The nation's top football league resumes on Friday evening when Arsenal welcomes Leicester City to the Emirates Stadium in north London.
The main chaplain at Swansea City said top-flight players can feel under a lot of pressure to succeed but there is someone they can turn to if they feel overwhelmed.
Rev Kev Johns told Premier: "They (the players) may not want to go to talk to the chaplain every single day of the year and that's fine.
"But it's important for people in the football club to know there's someone there rooting for them and there's always someone they can go to confidentially."

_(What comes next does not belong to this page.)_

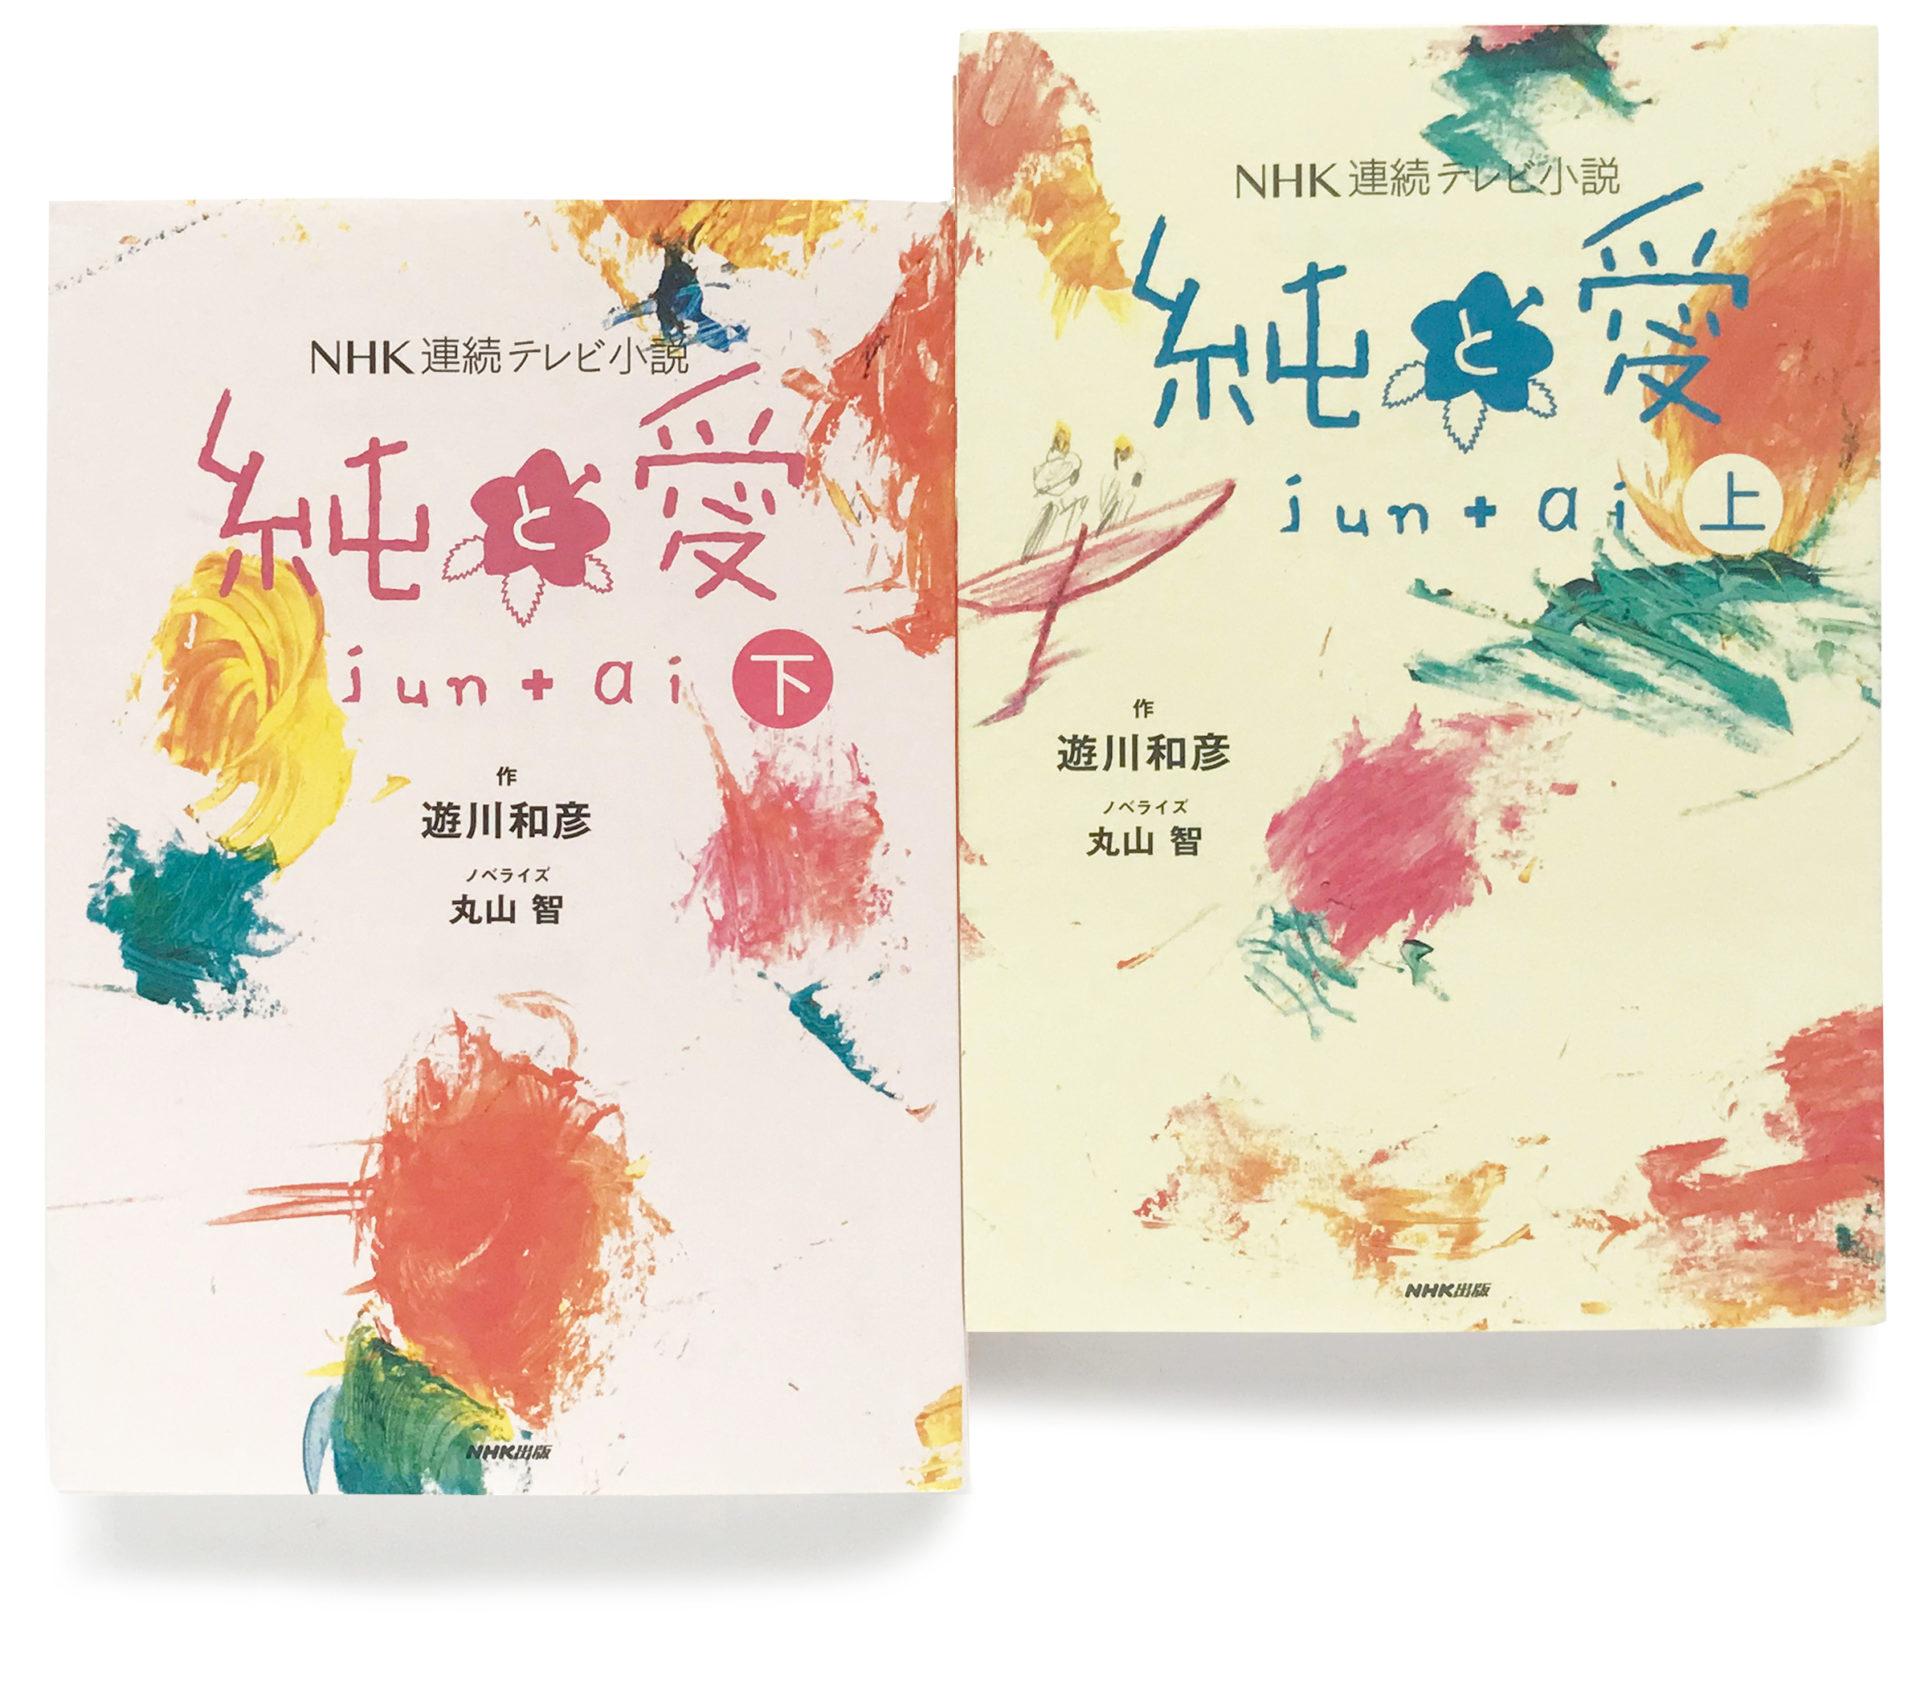 NHKドラマ・ガイド『連続テレビ小説 純と愛』 5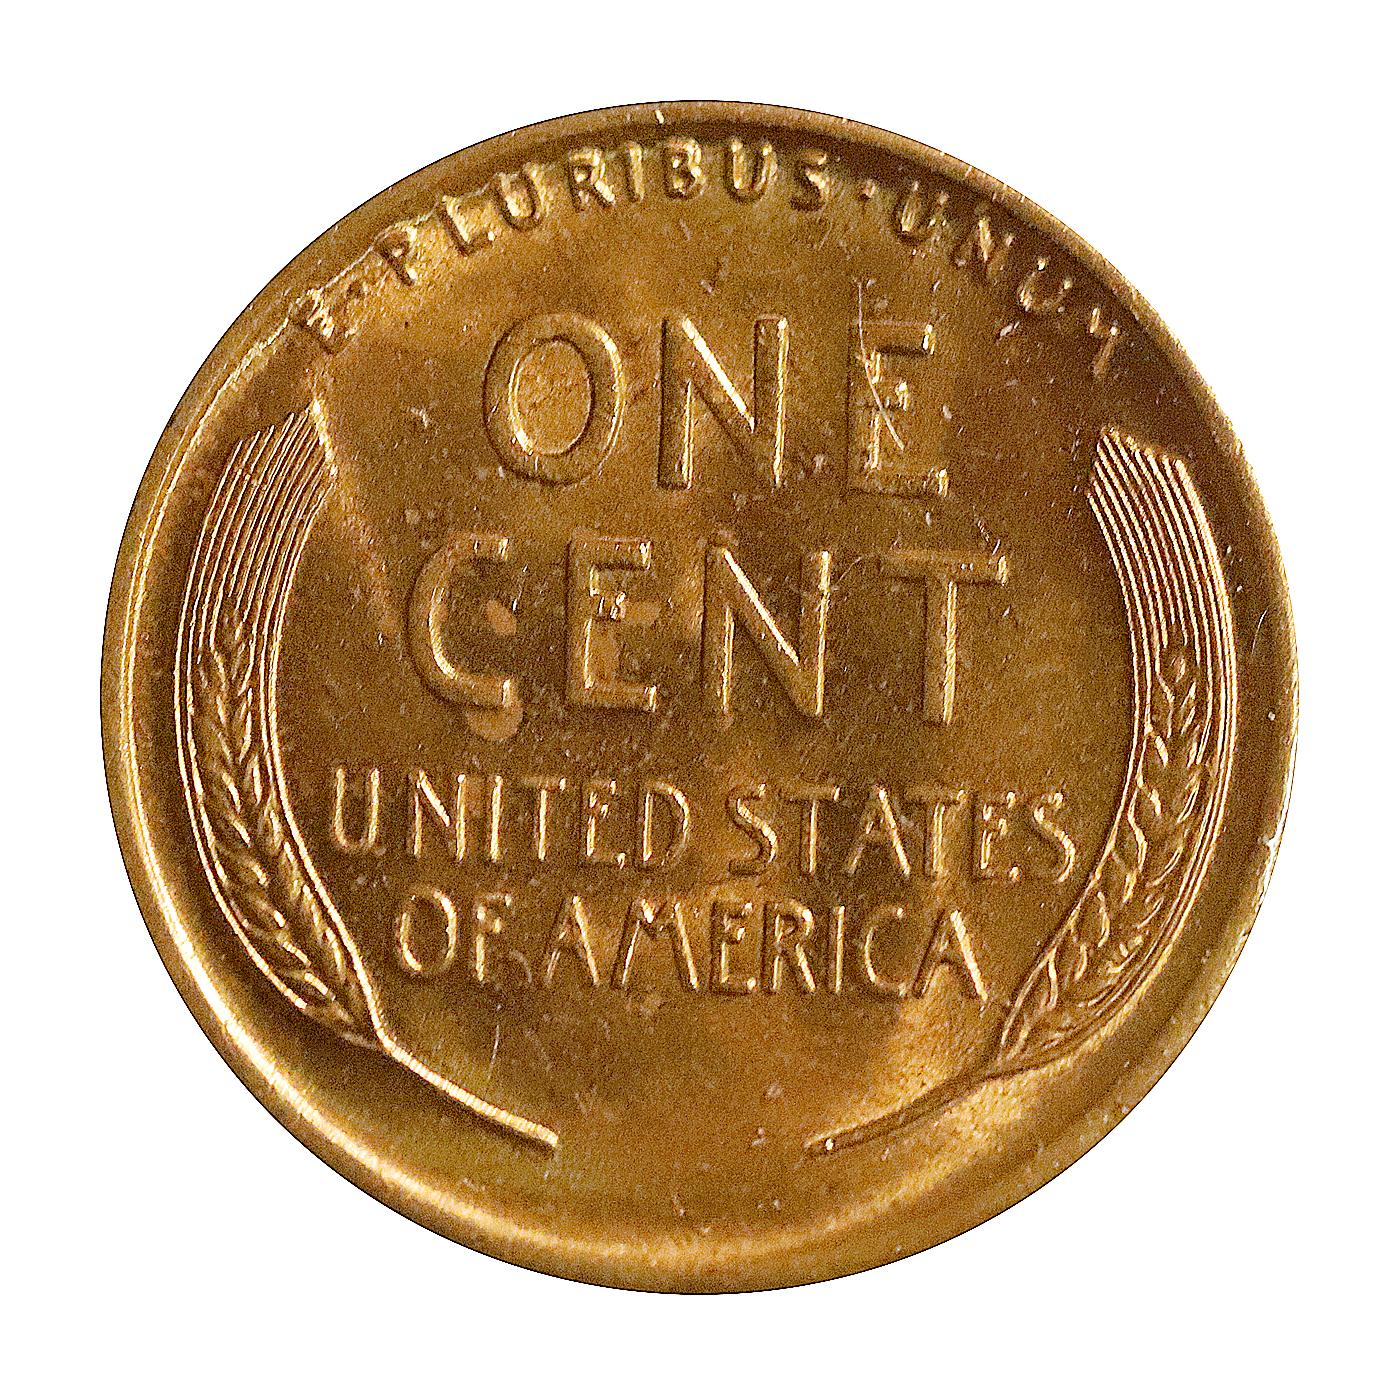 Superb - 1927 P Lincoln Wheat Cent - Gem BU / MS RD / UNC - High Grade Coin

Twenty teams are hoping to be crowned champion in the Premier League, including newly-promoted Newcastle United, Brighton & Hove and Huddersfield Town.
Rev Johns said: "Footballers make their mistakes very much in the public eye and sometimes, if they make a mistake on the pitch, they make it in front of millions because there are millions of people watching all over the world."
Seven matches get underway on Saturday - including Watford verses Liverpool and Brighton verses Man City. On Sunday, Newcastle host Spurs and West Ham travel to Manchester United.
Chaplain at Man Utd, Rev John Boyers told Premier: "It'll be a very interesting season because there must be six or seven clubs perhaps who would hope to get into the top four.
"I think competition will be pretty tough but I never pray that the team would win."
Rev Johns said chaplains work with players behind the scenes, explaining: "[we are] supporting them, encouraging them. A lot of the stuff, people never get to hear about - and rightly so."
"In many ways, it's working as a pastor would in a church and in any community."
Meanwhile, new research by Inrix has found Premier League teams pay on average more than double the cost to park at foodball stadiums compared to the fans of top German teams.
The transport analysis business found Tottenham Spurs fans are paying the most.